Agora realizamos a mesma simulação jogando 10 moedas onde todas possuem viés. Isso pode ser configurado ajustando em 0,7 o campo “Probabilidade: cara”. Com isso, a probabilidade do resultado ser cara será de 70% e, por consequência, o de ser coroa será de 3o%. Veja o resultado:
No início da simulação, quando temos poucos resultados para produzira a média, sofremos os efeitos da sorte e do azar. Quando temos mais de 170 apostas a média chega a 7,1% de caras quando jogamos as 10 moedas. Quanto mais apostas, mais o resultado médio tenderá para o viés de 70%.
Quando investimos nas ações de boas empresas, que possuem bons fundamentos (análise fundamentalista) e com preços em tendência de alta no gráfico (análise técnica), apostamos com moedas que possuem viés positivo e que provavelmente devem gerar resultados positivos no médio e longo prazo.
No curto prazo, mesmo com viés positivo, continuamos sofrendo os efeitos da sorte e do azar. No artigo anterior, quando mostro as médias móveis, podemos ver que os movimentos de curto prazo podem se transformar em linhas médias “suavizadas” que possuem tendências que podem ser vistas com facilidade.
Os movimentos dessas linhas de longo prazo são mais importantes do que os movimentos dos preços no curto prazo.
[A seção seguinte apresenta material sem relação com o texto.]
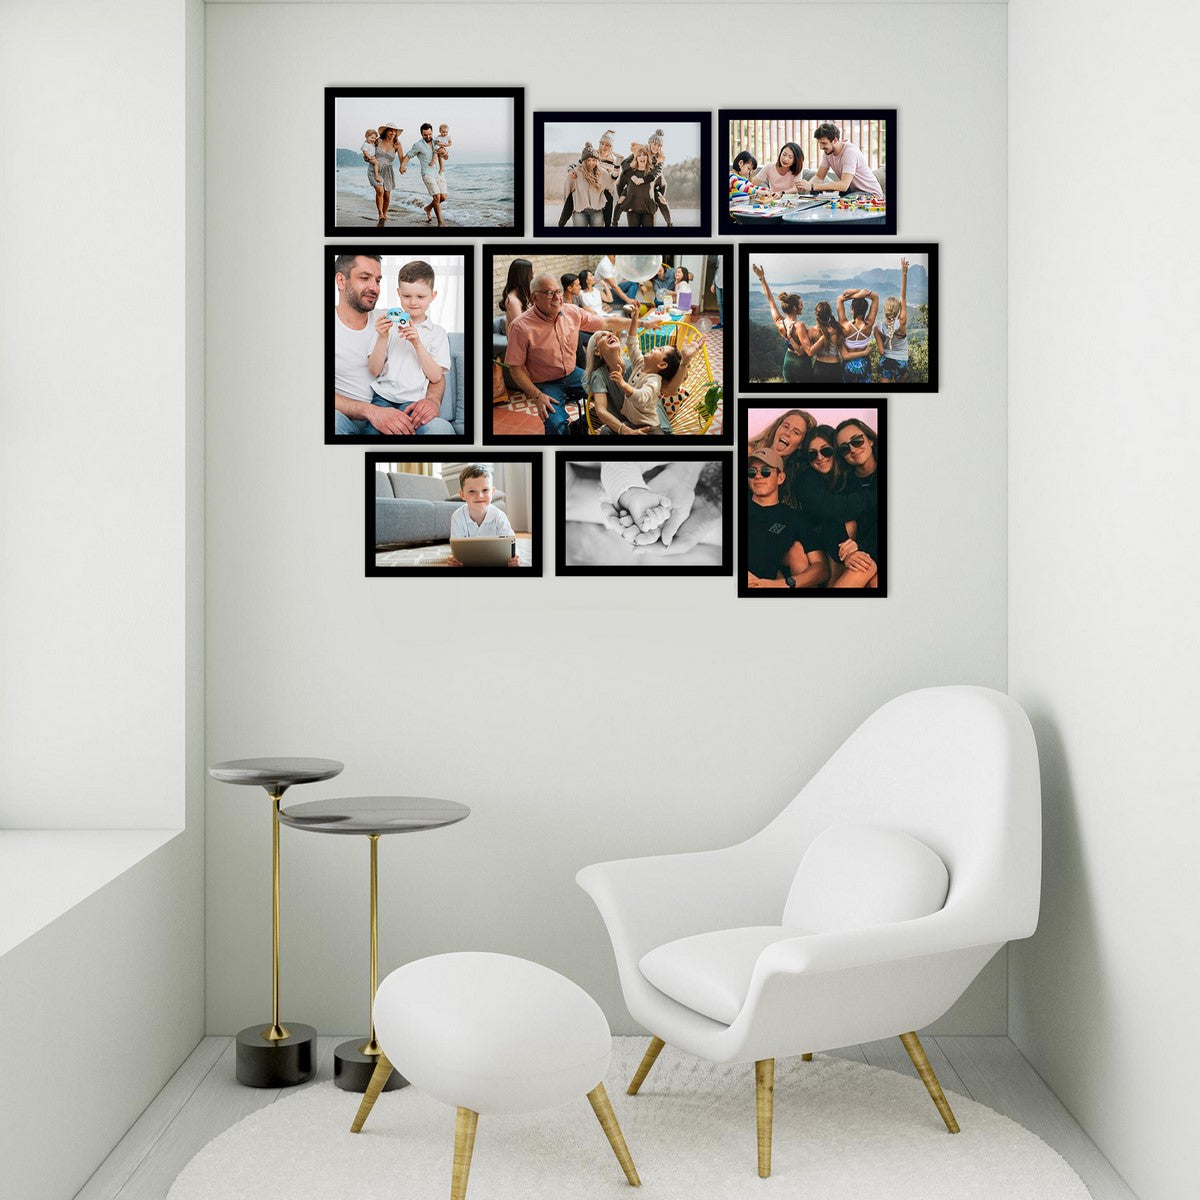 Memory Wall Collage Photo Frame - Set of 9 Photo Frames for 4 Photos of 5"x7", 4 Photos of 6"x8", 1 Photos of 8"x10" 2

Também mostrei que quando transformamos os resultados financeiros de uma empresa em gráficos com histórico de vários anos, também podemos analisar a tendência das receitas cada vez maiores, lucros maiores, dívidas cada vez menores etc.
Meu objetivo aqui foi demonstrar que mesmo você acreditando que a bolsa de valores é um jogo de azar, observe que as moedas utilizadas nesse jogo são escolhidas por você, ou seja, você está no controle da escolha das moedas e fazendo uma boa escolha você reduzirá seu risco enquanto aumenta as probabilidades de ganho.
Existem centenas de ações de empresas de diversos setores que apresentam os mais diversos resultados financeiros. Algumas possuem resultados em degradação a cada trimestre e outras possuem resultados financeiros cada vez melhores. Algumas possuem preços que seguem uma clara tendência de alta e outras possuem preços em decadência constante.
Não podemos prever o futuro, mas podemos olhar para o passado na busca de tendências ou do viés de cada ação. Não temos controle sobre o que vai acontecer com o preço de uma ação, mas temos o controle sobre a escolha das melhores ações, que possuem maior probabilidade de gerar ganhos em prazos futuros.